* [Exercise]:
What are the lines, word for word, from the line with "Black shoes on" up to and including the line with "What song is about Alice in Wonderland?" in the records below? Omit the pictures.

* [Exercise inputs]:

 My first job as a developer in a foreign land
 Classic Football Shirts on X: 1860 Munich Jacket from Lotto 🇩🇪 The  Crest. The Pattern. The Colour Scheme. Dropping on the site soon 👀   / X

...

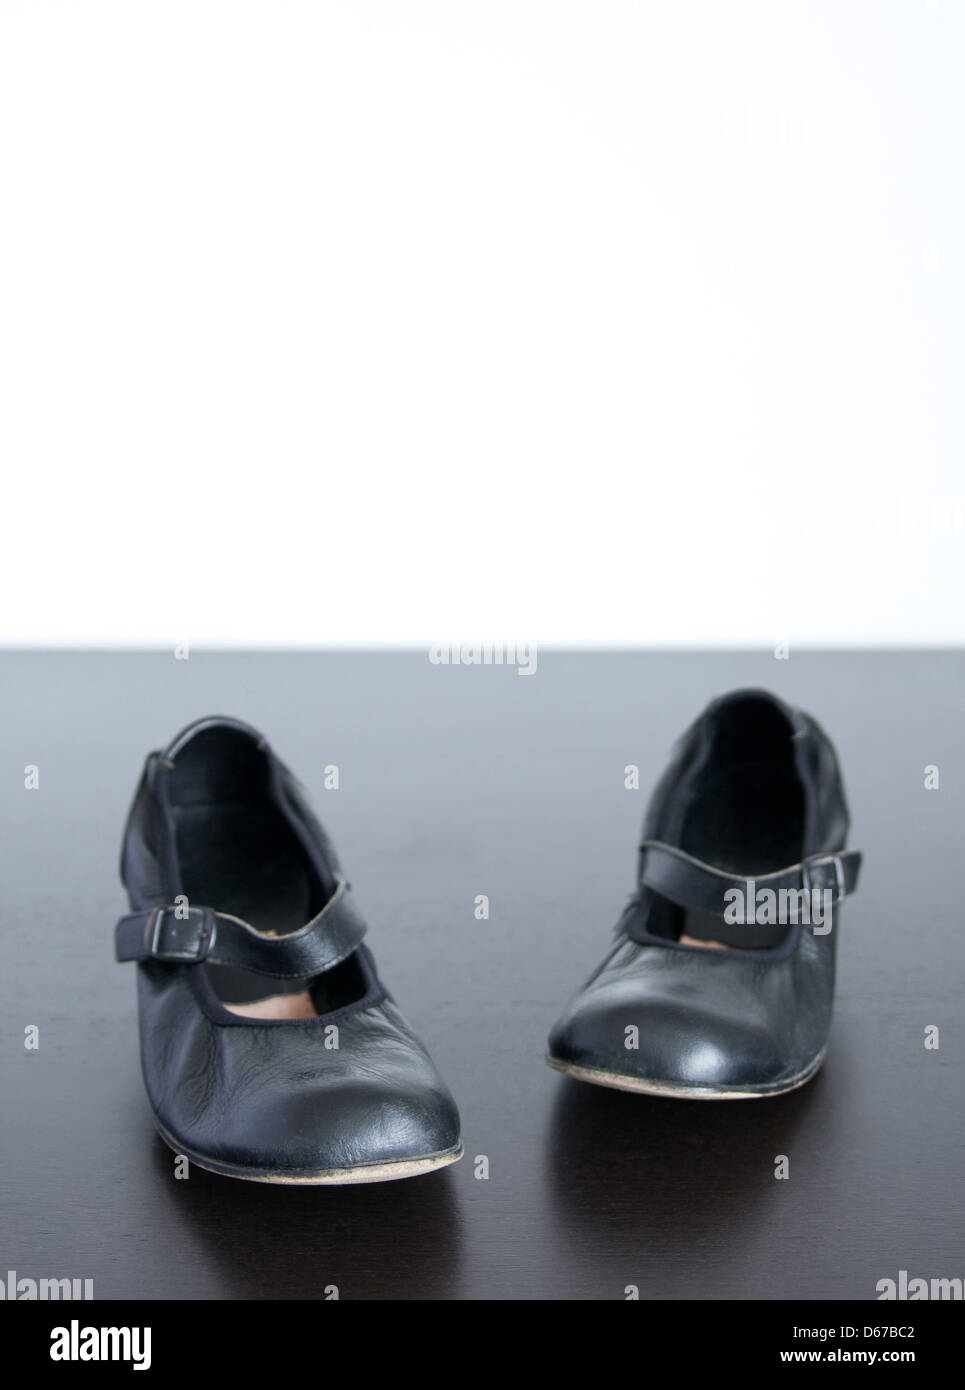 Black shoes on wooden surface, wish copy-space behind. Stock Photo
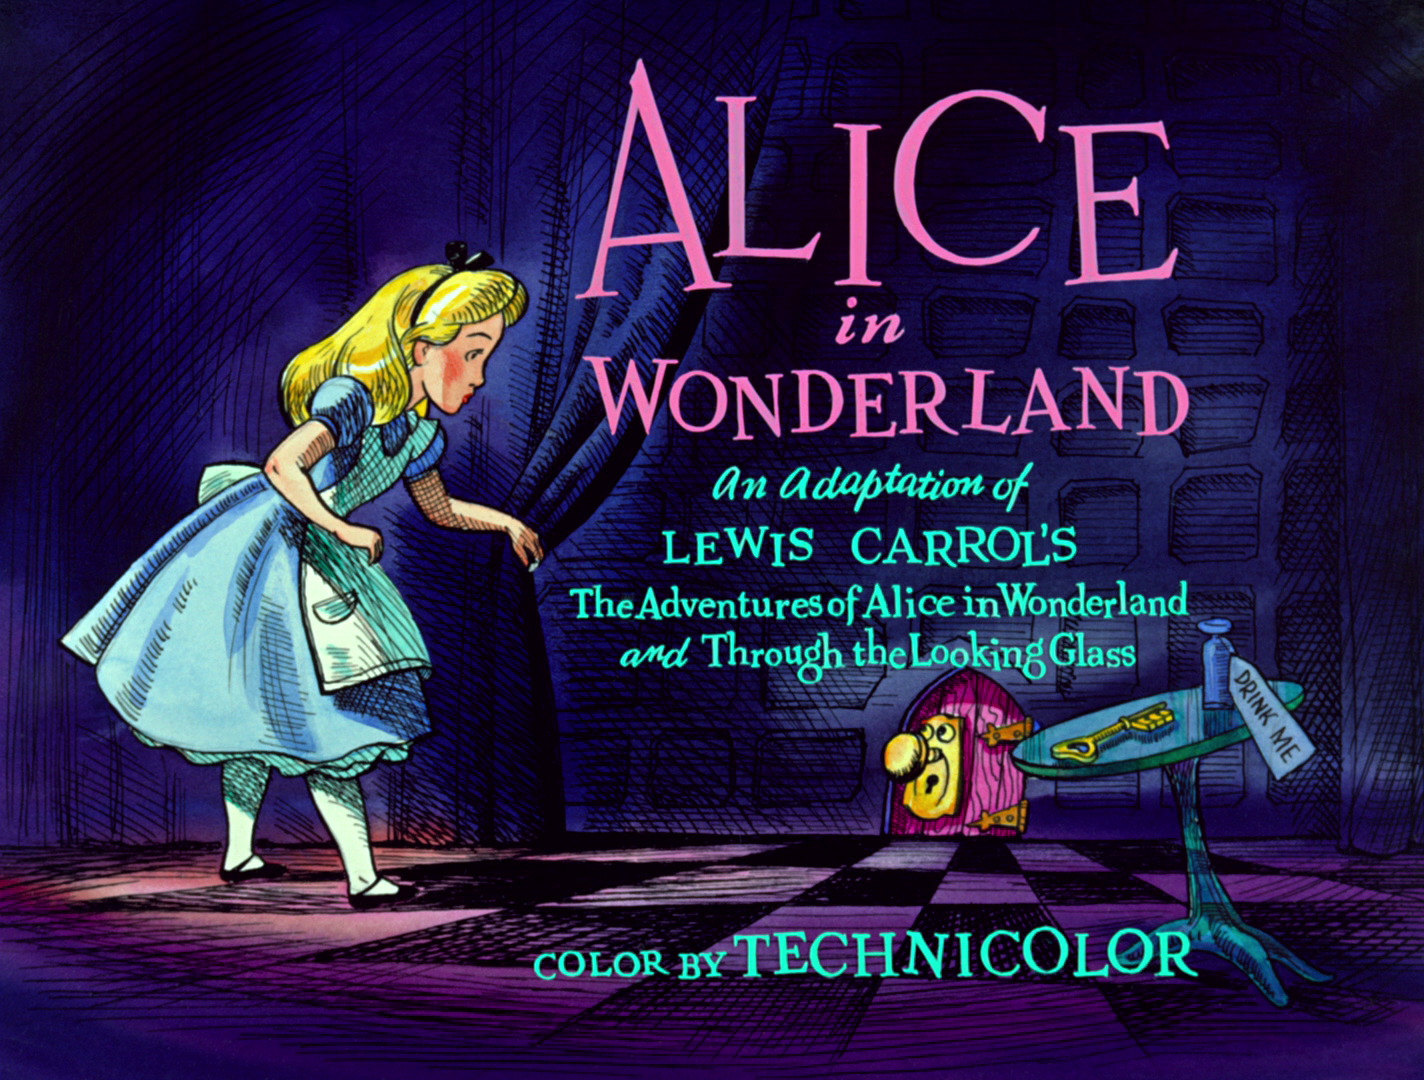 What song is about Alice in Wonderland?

* [Task answer]:
 Black shoes on wooden surface, wish copy-space behind. Stock Photo
 What song is about Alice in Wonderland?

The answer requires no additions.